The inquiry would also look at the idea of a Children's Ombudsman to listen to young people in care who have complaints of abuse to tackle the problem of such children being reluctant to complain because of fears they will not be believed.

Ways of identifying paedophiles working in social work training would also be part of the brief, according to a six-point proposal put to Mr Hague by Labour MPs yesterday.

After yesterday's meeting, Labour's health spokesman on Wales, Rhodri Morgan, said, "The Welsh Secretary gave us an absolute undertaking that there would be no cover-up."

The Welsh Office is also understood to be taking up with other departments the issues surrounding the influence that insurers have on the way child abuse investigations are carried out. There have been complaints that insurers put pressure on councils not to publish because of the potential ammunition it provided for would-be litigants.

The delegation also called for the confidential report of an inquiry team into abuse in Clwyd to be made public and told the Secretary of State that there was an overwhelming call for a judicial inquiry from almost everyone involved.

The delegation said that a public inquiry should consider:

Barring residential care workers from working in homes when there are doubts about their activities;

The problem of any paedophiles working in social work training centres who then help like-minded individuals to get jobs;

A children's commissioner or ombudsman to listen to children's complaints;

Better communications between social service departments to make sure that people who leave one job in disgrace, but are not prosecuted, cannot get new jobs in homes;

Possible protection of paedophiles from prosecution by a network of sympathisers in positions of responsibility.
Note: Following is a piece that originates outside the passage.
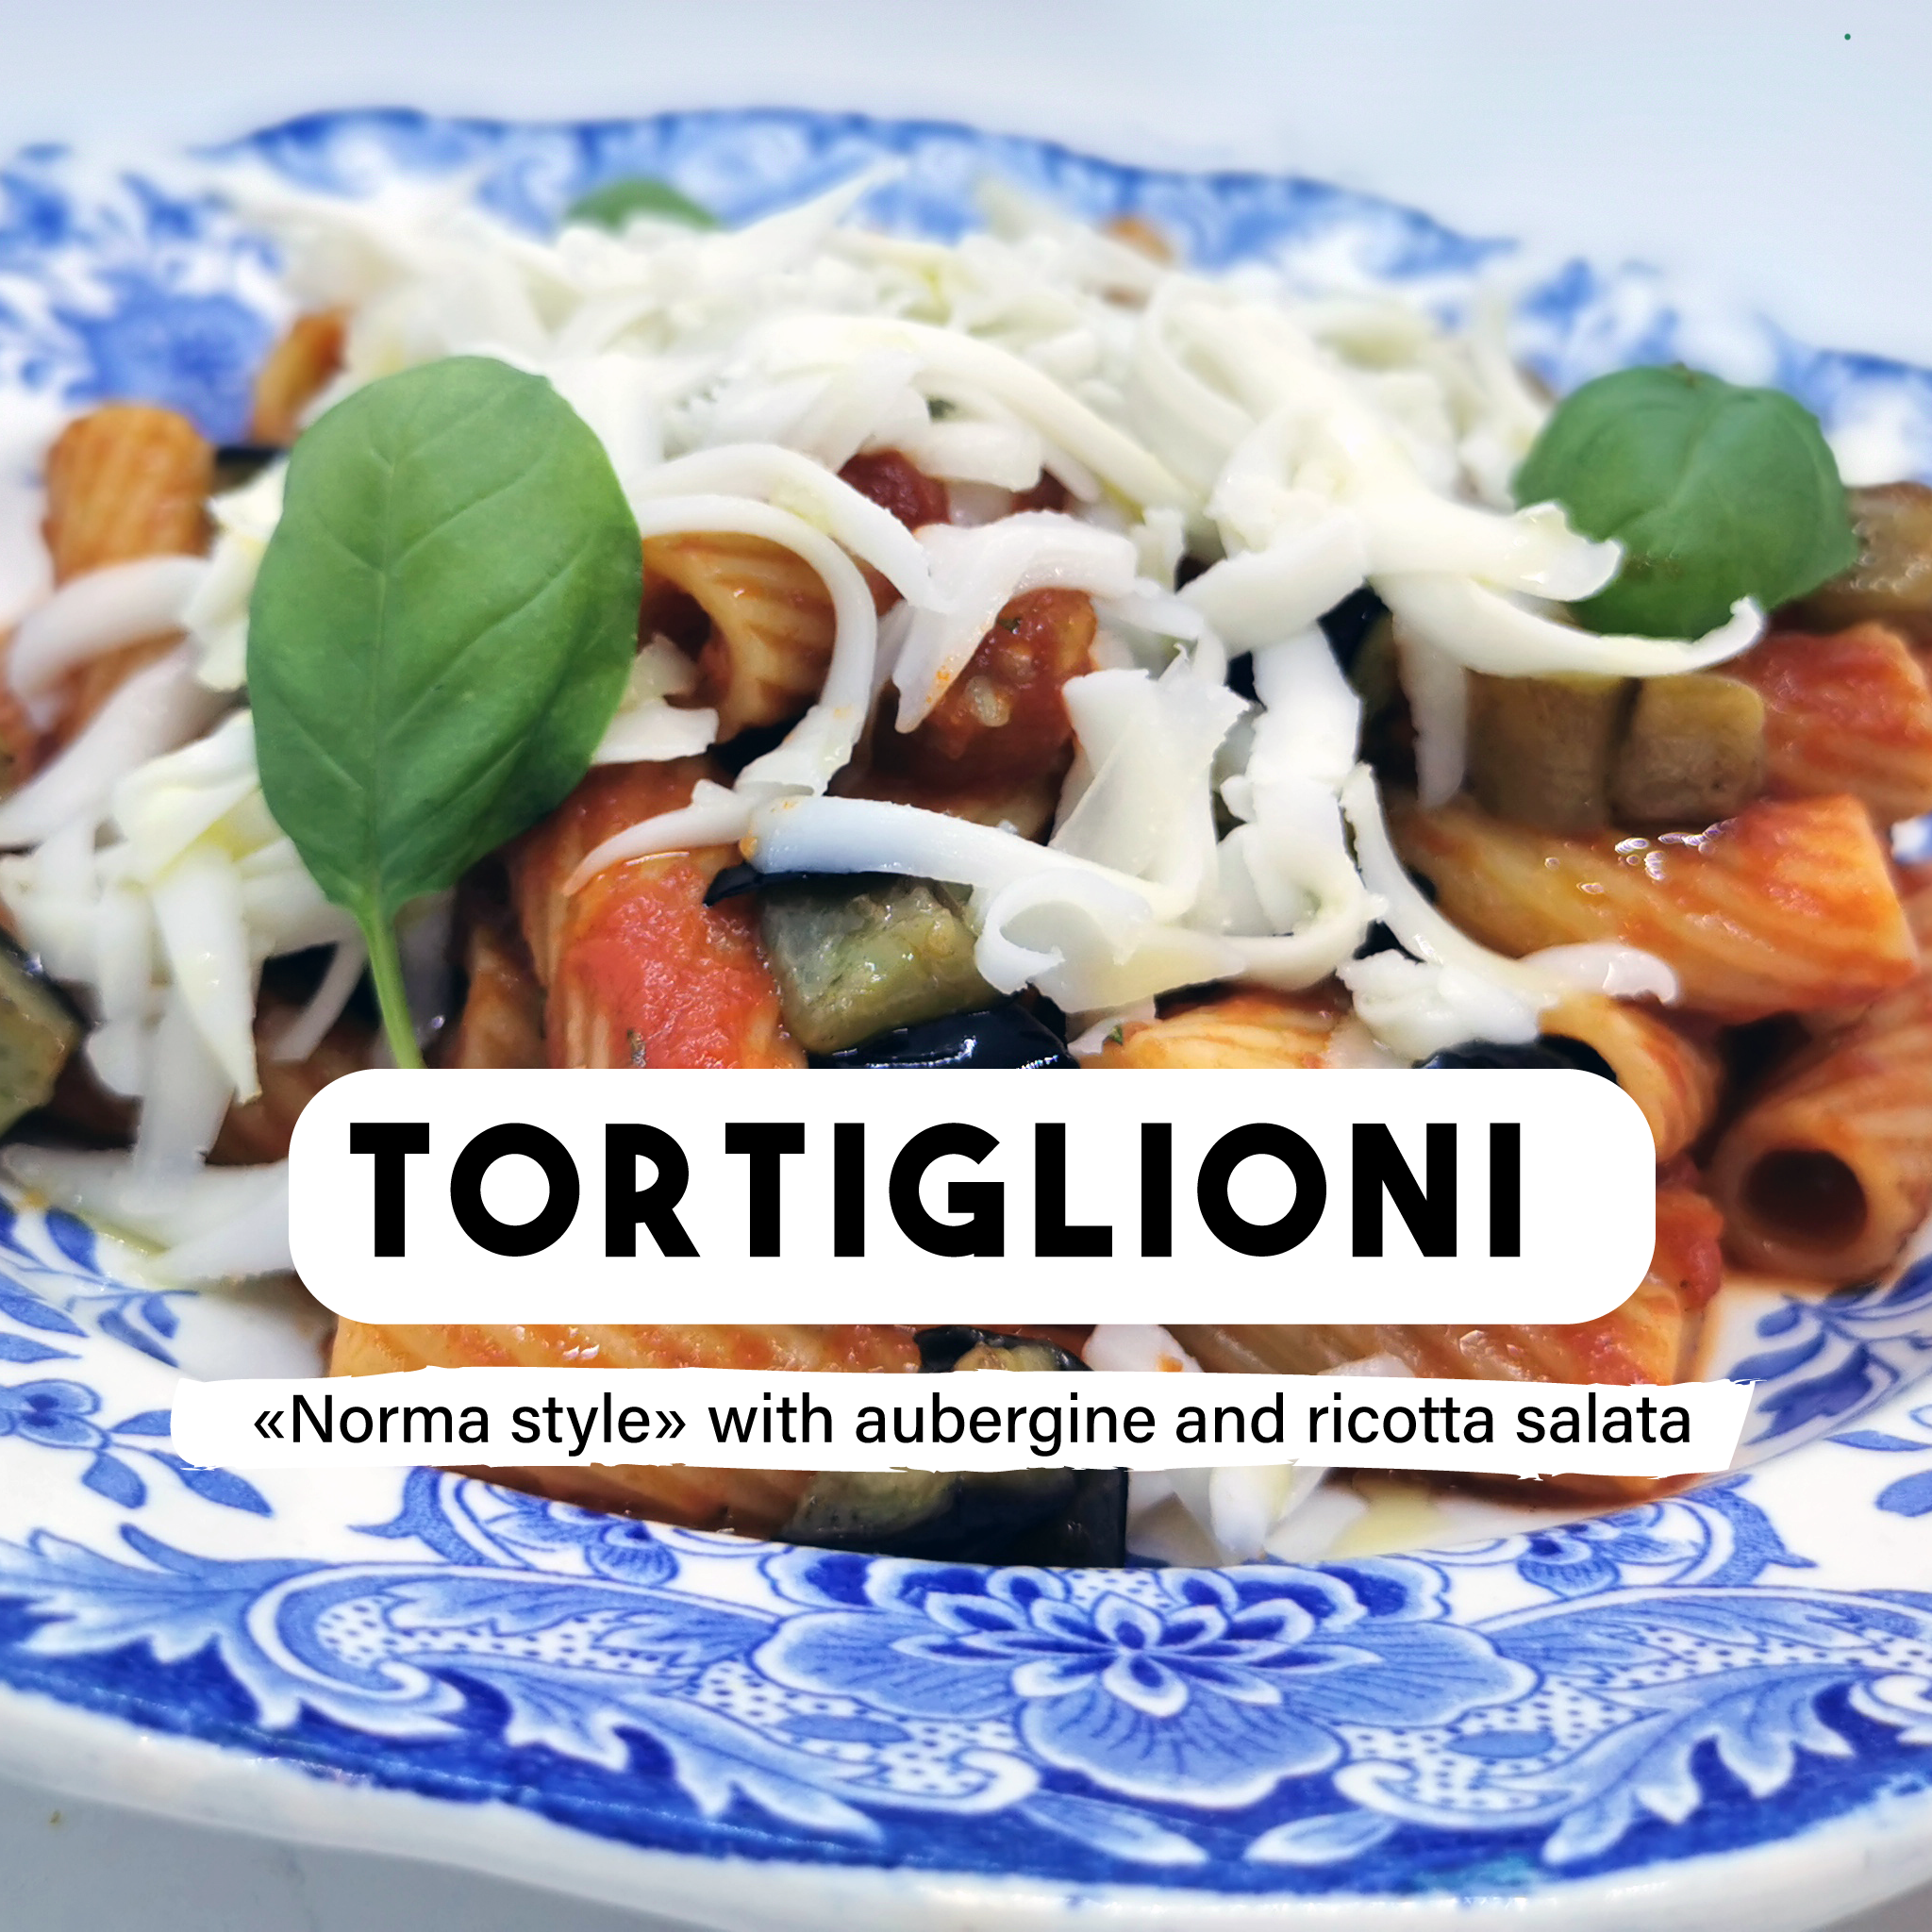 Tortiglioni "Norma style" with aubergine and ricotta salata
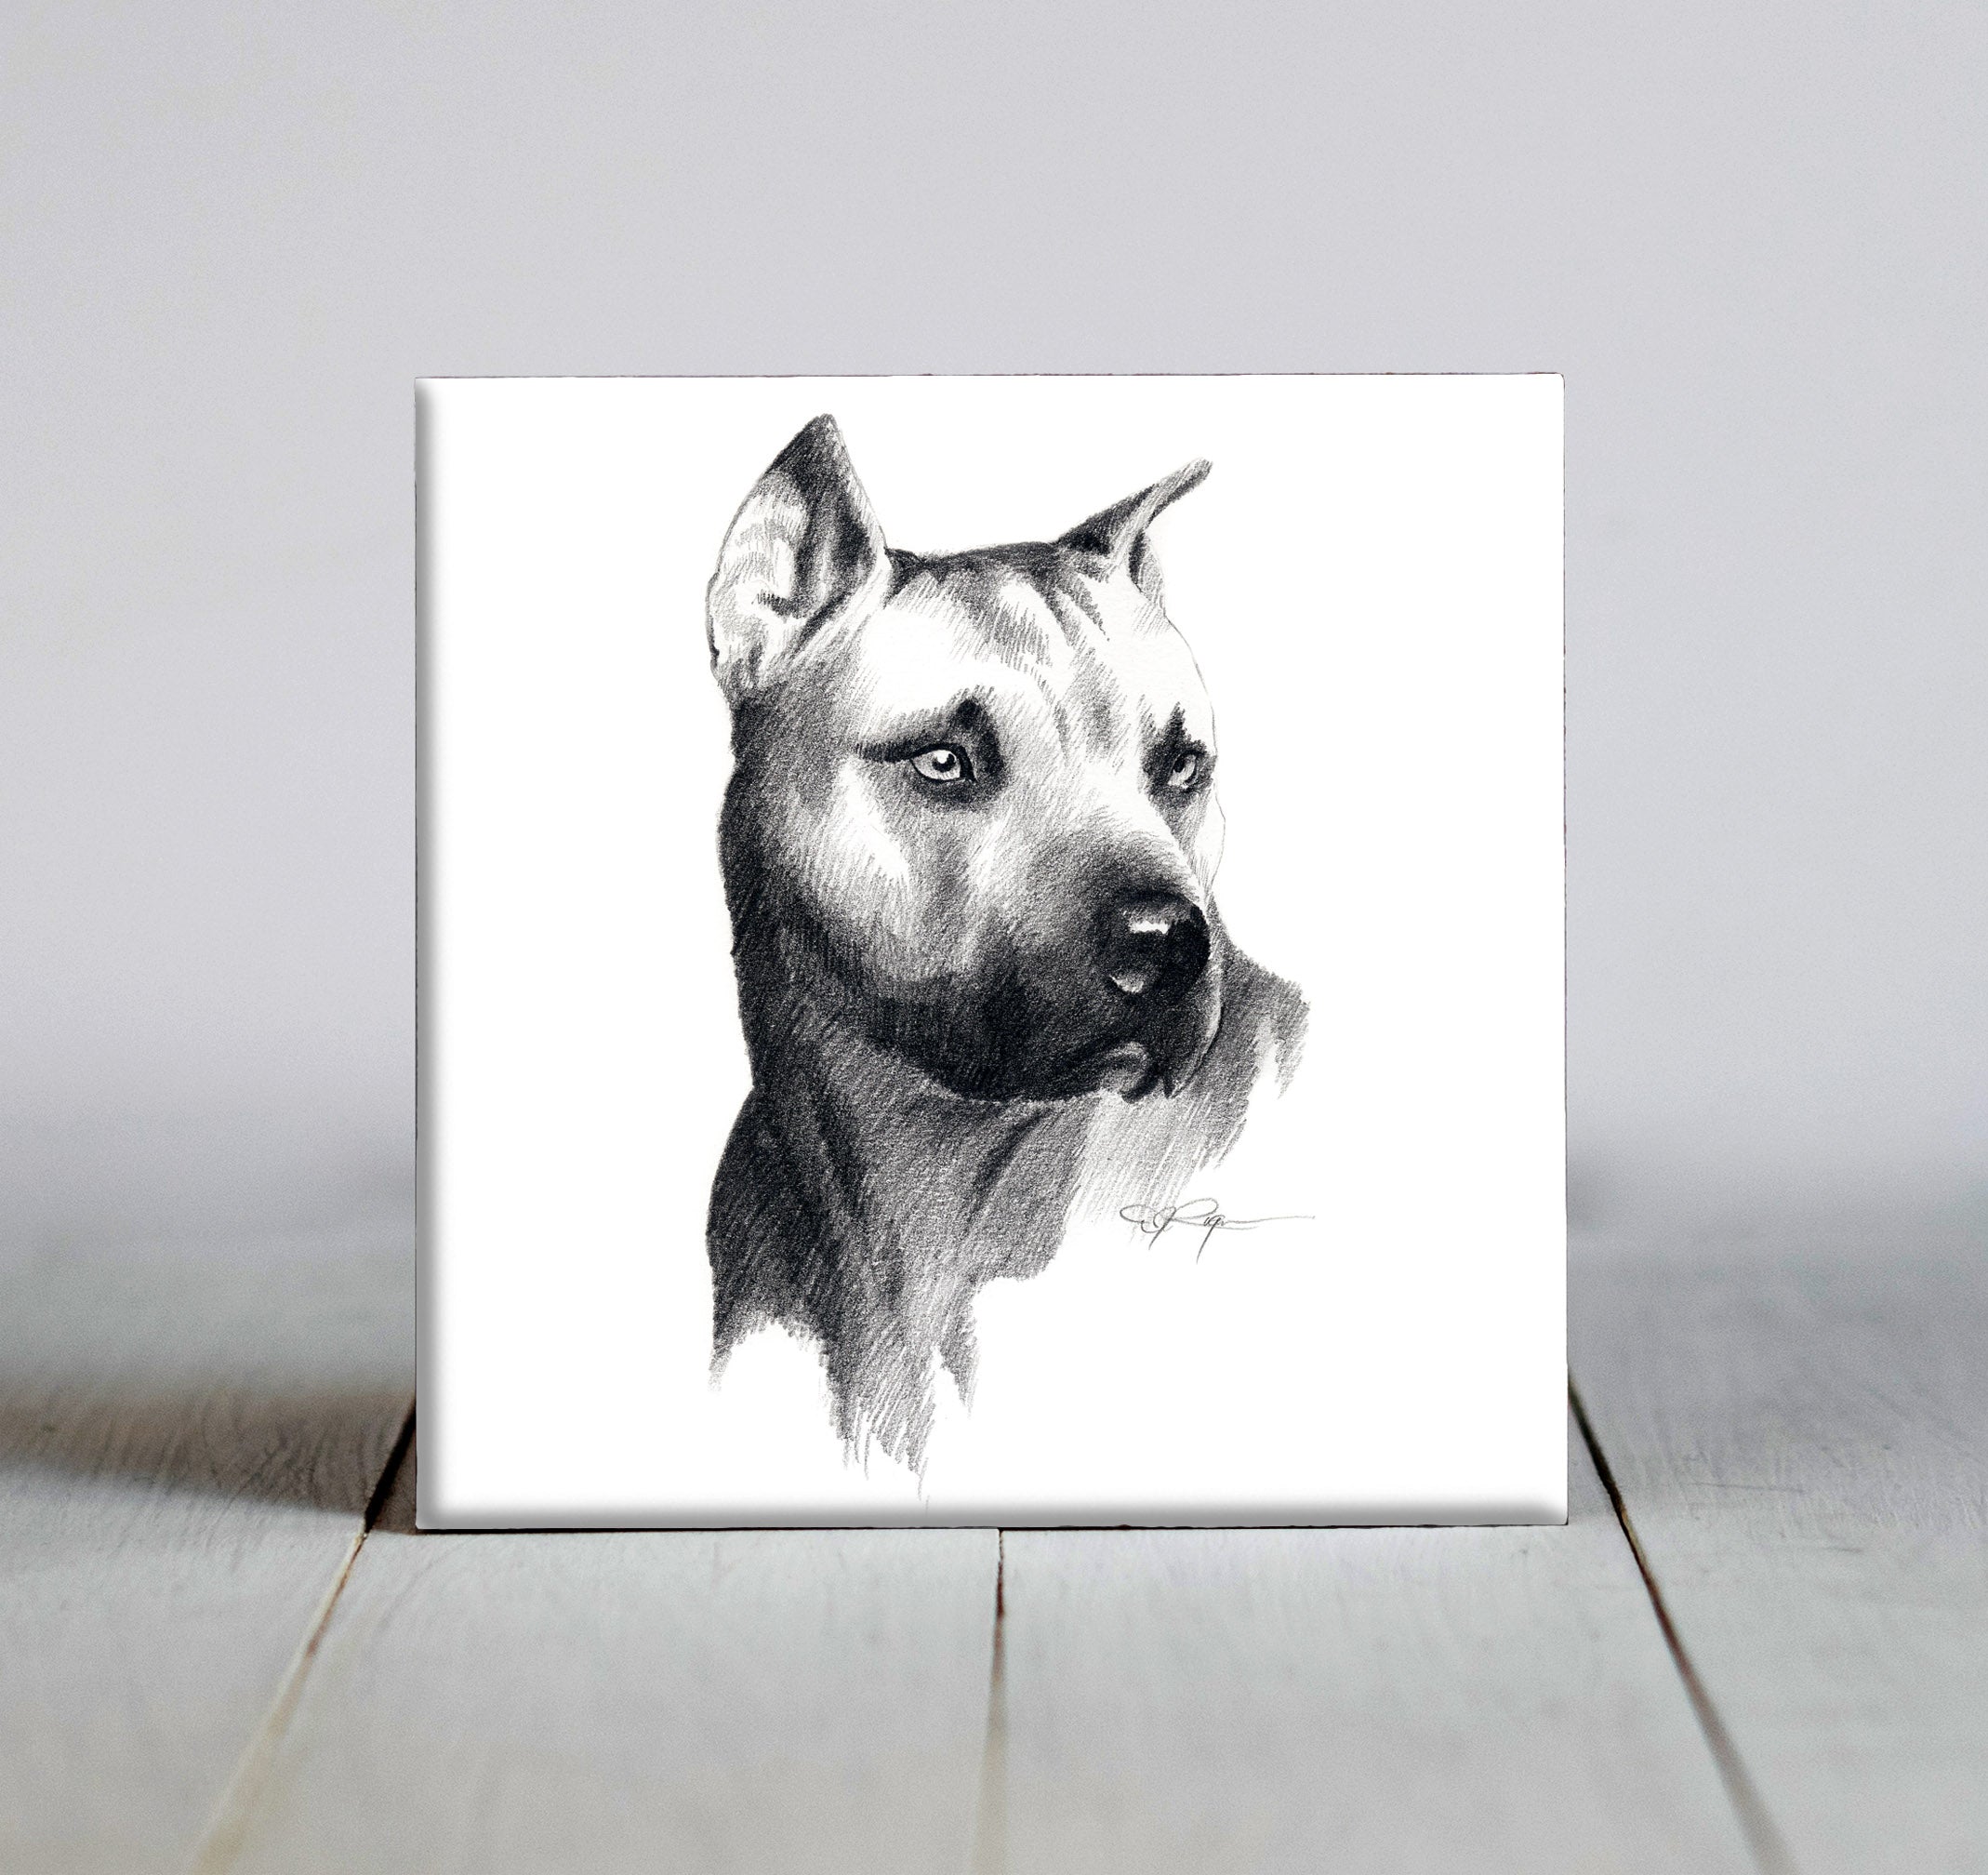 American Pit Bull Terrier Pencil Dog Art Decorative Tile by Artist DJ Rogers

Mr Morgan said: "A judicial inquiry could look at whether there was a ring extending into the police which led to the delay in the prosecution or investigation."

The 300-page report, by John Jillings former director of social services in Derbyshire, Professor Jane Tunstill, professor of social work at Keele University, and child care specialist, Gerrilyn Smith, has more than 50 recommendations, but its chief one is that their must be an inquiry.